How can I troubleshoot non-specific binding with IGFBP5 antibodies?

When encountering non-specific binding:

• Increase Blocking:

  • Extend blocking time to 2 hours at room temperature

  • Try different blocking agents (5% BSA, 5% non-fat milk, or commercial blockers)

• Optimize Antibody Concentration:

  • Titrate the antibody across the recommended range (1:50-1:500)

  • Begin with more dilute concentrations and increase if necessary

• Modify Washing Steps:

  • Increase number and duration of washes

  • Add 0.1-0.3% Triton X-100 to wash buffers to reduce background

• Consider Sample-Specific Issues:

  • High endogenous peroxidase activity may require additional quenching

  • Tissues with high fat content may benefit from longer deparaffinization

How can I investigate IGFBP5's role in tumor growth and metastasis?

Based on established methodologies:

• Cell Line Models:

  • Generate stable IGFBP5 overexpression and knockdown cell lines

  • A375 and A2058 human melanoma cell lines have been successfully used

• In Vitro Assays:

  • Proliferation: CCK-8 assay

  • Anchorage-independent growth: Colony formation assay

  • Migration: Scratch/wound healing assay

  • Invasion: Transwell invasion assay

• In Vivo Models:

  • Xenograft tumor models to assess tumor growth

  • Tail vein injection for pulmonary metastasis assessment

  • Evaluate tumor size, weight, and metastatic nodules

• Molecular Readouts:

  • EMT markers: E-cadherin and vimentin

  • Stem cell markers: NANOG, SOX2, OCT4, KLF4, and CD133

  • Signaling pathway components: phosphorylation of IGF1R, ERK1/2, p38-MAPK

What methods are effective for studying IGFBP5's role in cardiac function?

To investigate IGFBP5 in cardiac contexts:

• In Vitro Models:

  • Oxygen-glucose deprivation (OGD) in neonatal rat cardiomyocytes (NRCMs)

  • Assess cardiomyocyte proliferation and apoptosis following OGD

• In Vivo Models:

  • Acute myocardial infarction (AMI) in adult mice

  • Heart-specific IGFBP5 knockdown models

  • Evaluate myocardial apoptosis and cardiomyocyte proliferation

• Signaling Pathway Analysis:

  • Focus on the IGF1 receptor (IGF1R)/protein kinase B (PKB/AKT) pathway

  • Assess phosphorylation status of key signaling proteins

• Functional Assessment:

  • Cardiac remodeling markers

  • Echocardiography for functional recovery assessment

  • Histological analysis of fibrotic remodeling

How can I assess the prognostic value of IGFBP5 in human cancers?

For rigorous prognostic assessment:

• Clinical Sample Analysis:

  • Perform IHC staining on patient tumor samples

  • Use established grading systems (e.g., IHC 3+, 2+, 1+, 0-)

  • Compare expression in primary tumors, metastatic tissues, and normal tissues

• Bioinformatic Approaches:

  • Analyze data from cancer genomic databases (TCGA, CGGA)

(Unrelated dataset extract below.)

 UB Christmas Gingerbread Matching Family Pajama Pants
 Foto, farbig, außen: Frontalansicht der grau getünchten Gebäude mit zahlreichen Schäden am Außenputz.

  • Generate Kaplan-Meier survival curves

  • Create diagnostic receiver operating characteristic (ROC) curves

  • Develop nomogram models

• Correlation Analysis:

  • Associate IGFBP5 expression with:

    • Immune cell infiltration

    • Immune checkpoint genes

    • Clinicopathological features

• Validation Methods:

  • Quantitative real-time PCR (qRT-PCR) on clinical samples

  • Western blot analysis for protein-level validation

  • Multi-cohort validation using independent patient datasets

How do I interpret seemingly contradictory roles of IGFBP5 across different cancer types?

The context-dependent functions of IGFBP5 require careful interpretation:

• Tumor Suppressor Role:

  • In melanoma, IGFBP5 overexpression inhibits proliferation, anchorage-independent growth, migration, and invasion

  • IGFBP5 suppresses epithelial-mesenchymal transition (EMT) and decreases stemness marker expression in A375 melanoma cells

• Tumor Promoting Role:

  • In glioma, IGFBP5 levels increase with malignancy grade

  • Higher IGFBP5 expression predicts poor outcomes in glioma patients

• Methodological Considerations:

  • Compare experimental models (cell lines, animal models)

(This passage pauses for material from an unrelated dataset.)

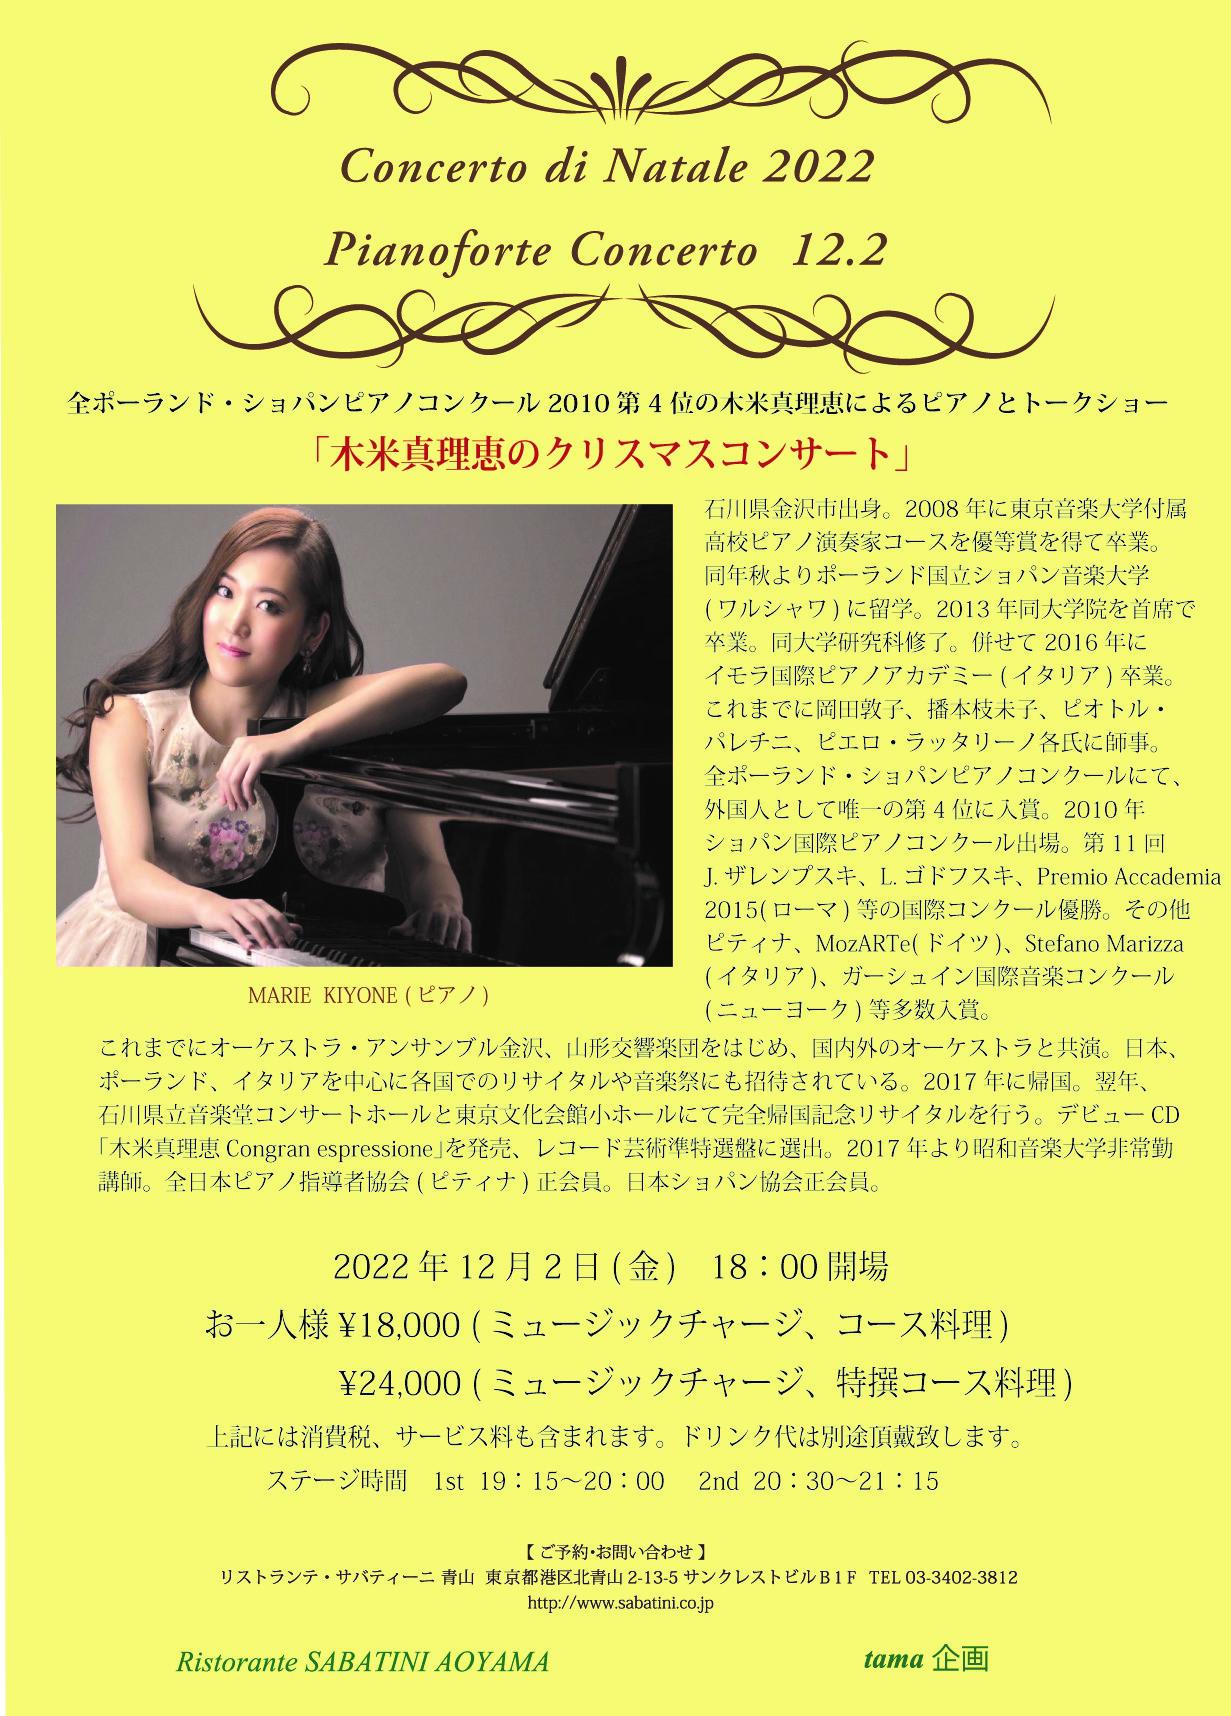 ■Ristorante SABATINI Aoyama【2022.12.2(金)クリスマスピアノコンサートのお知らせ】

  • Consider tissue specificity and microenvironmental factors

  • Evaluate different domains of IGFBP5 which can exert distinct effects on tumorigenicity

• Reconciliation Approach:

  • Examine receptor availability (IGF1R) in different tissues

  • Assess interaction with other binding partners

  • Consider post-translational modifications that may alter function

What explains the heterogeneous expression patterns of IGFBP5 across clinical samples?

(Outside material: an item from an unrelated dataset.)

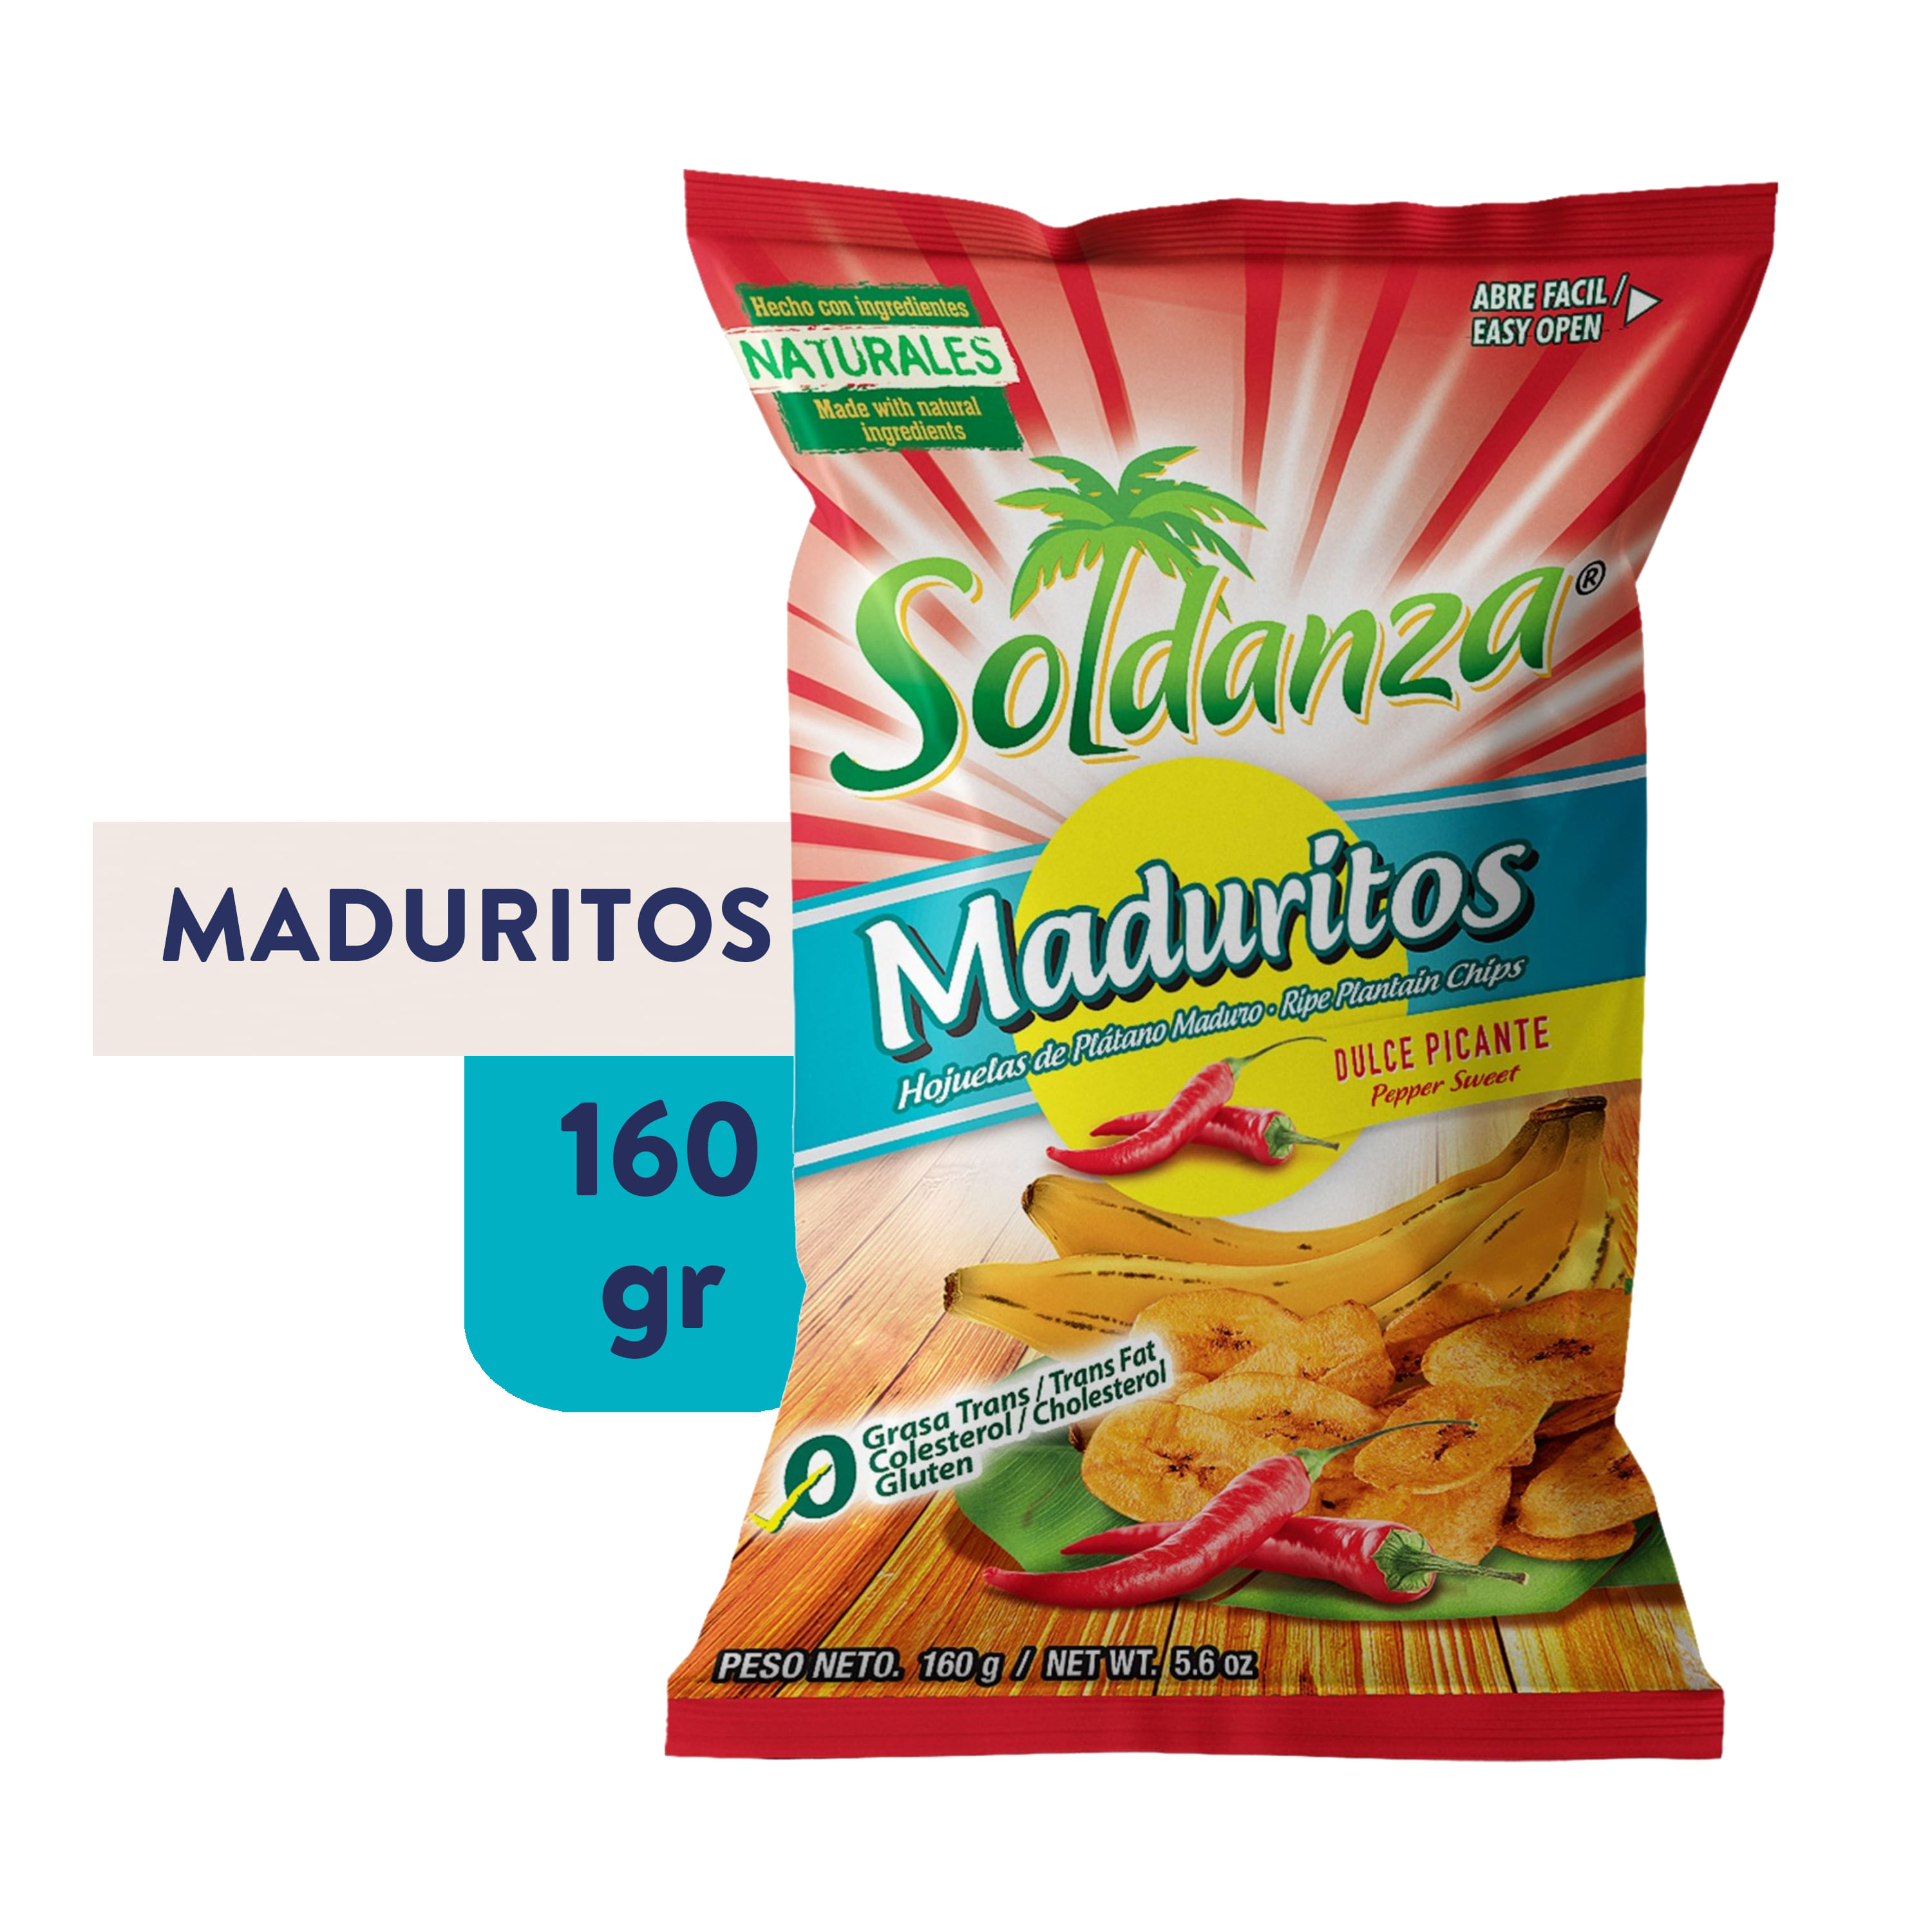 Snack-Soldanza-Platano-Maduro-Picante-160-gr-1-69326

When analyzing variable IGFBP5 expression:

• Expression Patterns in Melanoma:

  • Higher expression in melanoma samples compared to normal pigmented nevus samples

  • Mean IHC score: 1.8 for melanoma vs. 0.4 for pigment nevus tissues

  • Strong staining in primary melanoma but weaker in metastatic tissues

• Cell Line Variations:

  • High expression in A2058 and UACC903 melanoma cells

  • Low expression in HEMn-LP normal melanocytes and A375 melanoma cells

• Interpretation Framework:

  • Consider disease stage-specific regulation

  • Evaluate genetic and epigenetic heterogeneity

  • Assess microenvironmental influences

  • Recognize technical variables in detection methods

• Validation Approach:

  • Use multiple detection methods (IHC, qRT-PCR, WB)

  • Include larger sample sizes

  • Stratify results by clinicopathological parameters

What novel approaches could further elucidate IGFBP5's molecular mechanisms?

Emerging methodologies for IGFBP5 research:

• Single-Cell Analysis:

  • Single-cell RNA sequencing to identify IGFBP5-expressing cell populations

  • Spatial transcriptomics to localize IGFBP5 expression within tissue architecture

• Protein-Protein Interaction Studies:

  • Proximity ligation assays to visualize IGFBP5 interactions in situ

  • Co-immunoprecipitation combined with mass spectrometry to identify novel binding partners

• CRISPR-Based Approaches:

  • CRISPR activation/interference to modulate IGFBP5 expression

  • CRISPR base editing to introduce specific mutations in IGFBP5 or its regulatory elements

• Integrative Multi-Omics:

  • Combine transcriptomics, proteomics, and metabolomics to map IGFBP5's influence on cellular processes

  • Network analysis to position IGFBP5 within broader signaling pathways

How can IGFBP5 research be translated into clinical applications?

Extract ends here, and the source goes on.